Li, Y., Pustovalova, Y., Shi, W., Gorbatyuk, O., Sreeramulu, S., Schwalbe, H., Hoch, J.C., Hao, B.(2023) Sci Rep 13: 2890-2890
- PubMed: 36801935 
- DOI: https://doi.org/10.1038/s41598-023-30045-9
- Primary Citation of Related Structures:  
8F2E - PubMed Abstract: 
Replication of the coronavirus genome starts with the formation of viral RNA-containing double-membrane vesicles (DMV) following viral entry into the host cell. The multi-domain nonstructural protein 3 (nsp3) is the largest protein encoded by the known coronavirus genome and serves as a central component of the viral replication and transcription machinery.
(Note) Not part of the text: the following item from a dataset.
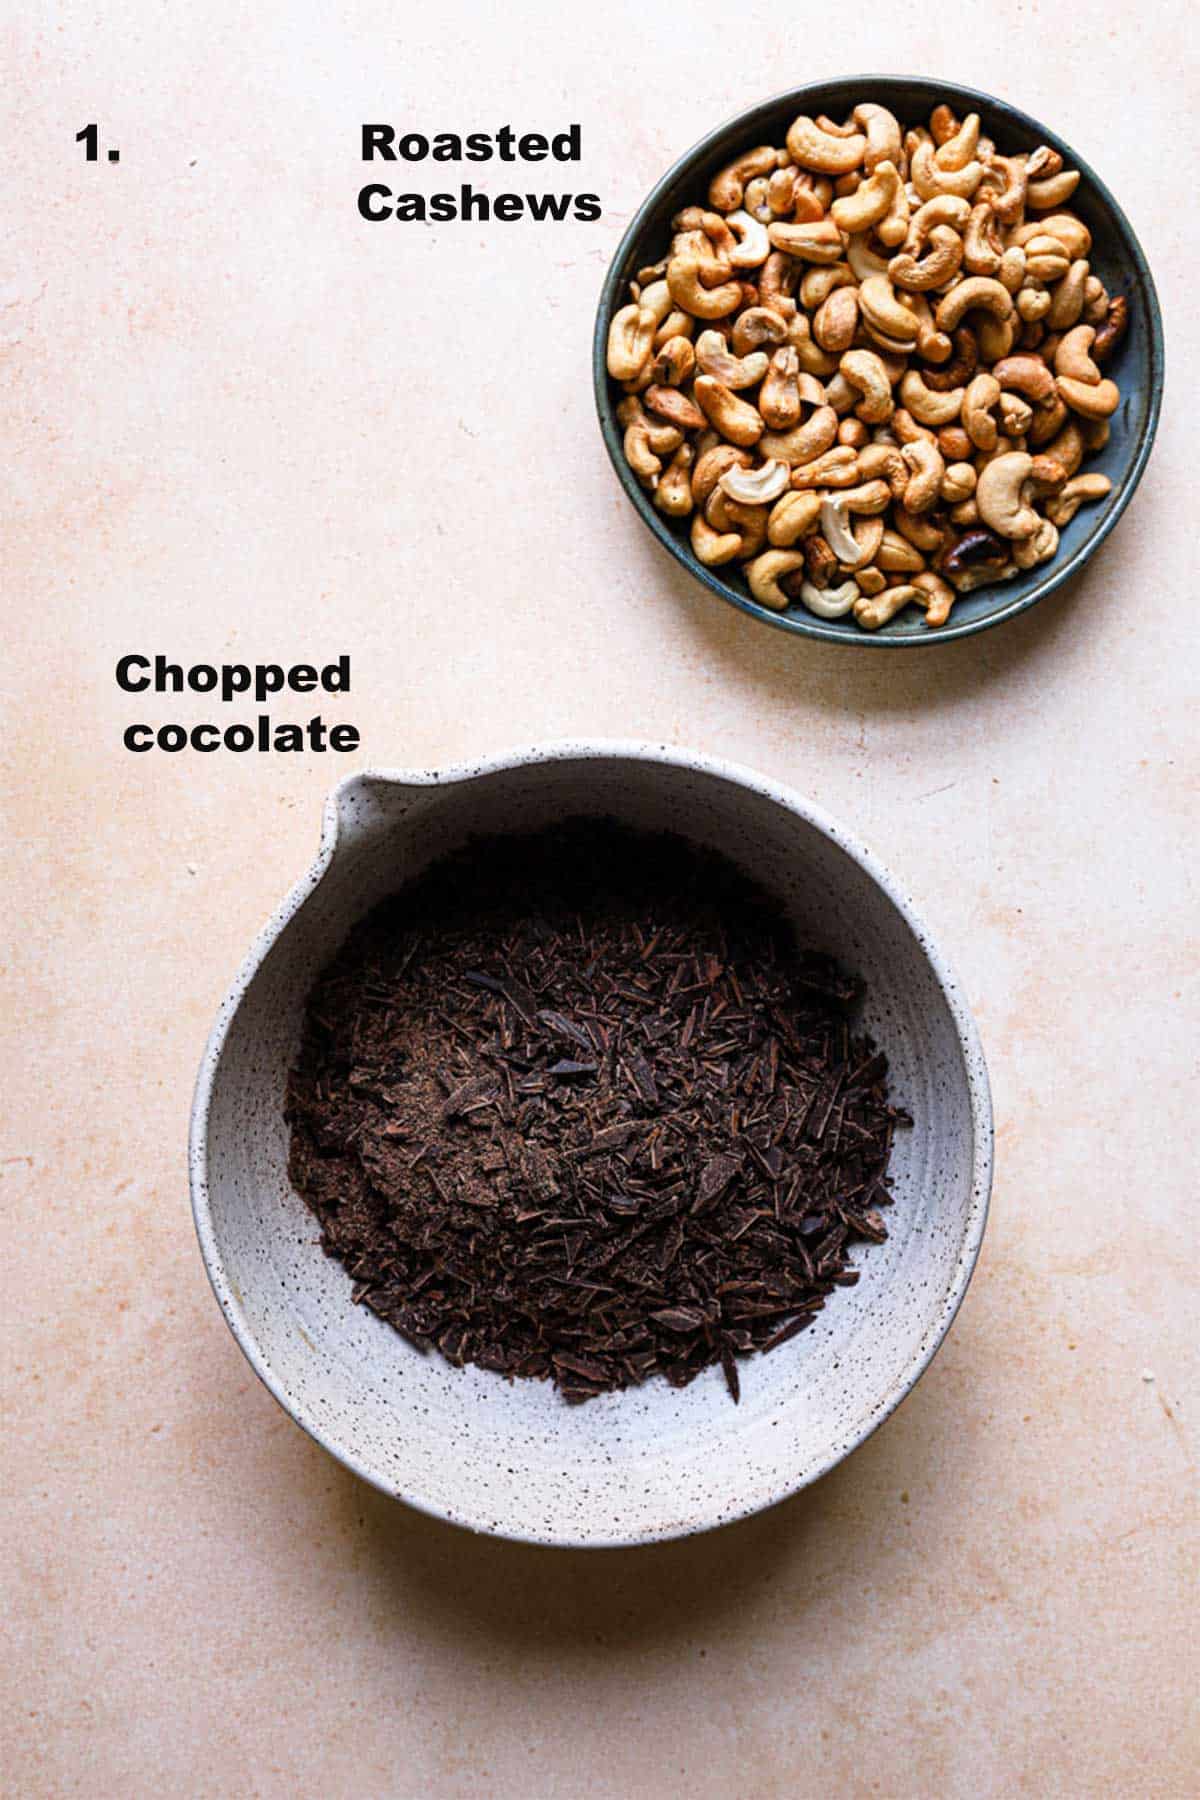 Roasted cashews and chopped chocolate in bowls

Previous studies demonstrated that the highly-conserved C-terminal region of nsp3 is essential for subcellular membrane rearrangement, yet the underlying mechanisms remain elusive. Here we report the crystal structure of the CoV-Y domain, the most C-terminal domain of the SARS-CoV-2 nsp3, at 2.4 Å-resolution. CoV-Y adopts a previously uncharacterized V-shaped fold featuring three distinct subdomains. Sequence alignment and structure prediction suggest that this fold is likely shared by the CoV-Y domains from closely related nsp3 homologs. NMR-based fragment screening combined with molecular docking identifies surface cavities in CoV-Y for interaction with potential ligands and other nsps. These studies provide the first structural view on a complete nsp3 CoV-Y domain, and the molecular framework for understanding the architecture, assembly and function of the nsp3 C-terminal domains in coronavirus replication. Our work illuminates nsp3 as a potential target for therapeutic interventions to aid in the on-going battle against the COVID-19 pandemic and diseases caused by other coronaviruses.
Organizational Affiliation: 
Department of Molecular Biology and Biophysics, University of Connecticut Health Center, 263 Farmington Avenue, Farmington, CT, 06030-3305, USA.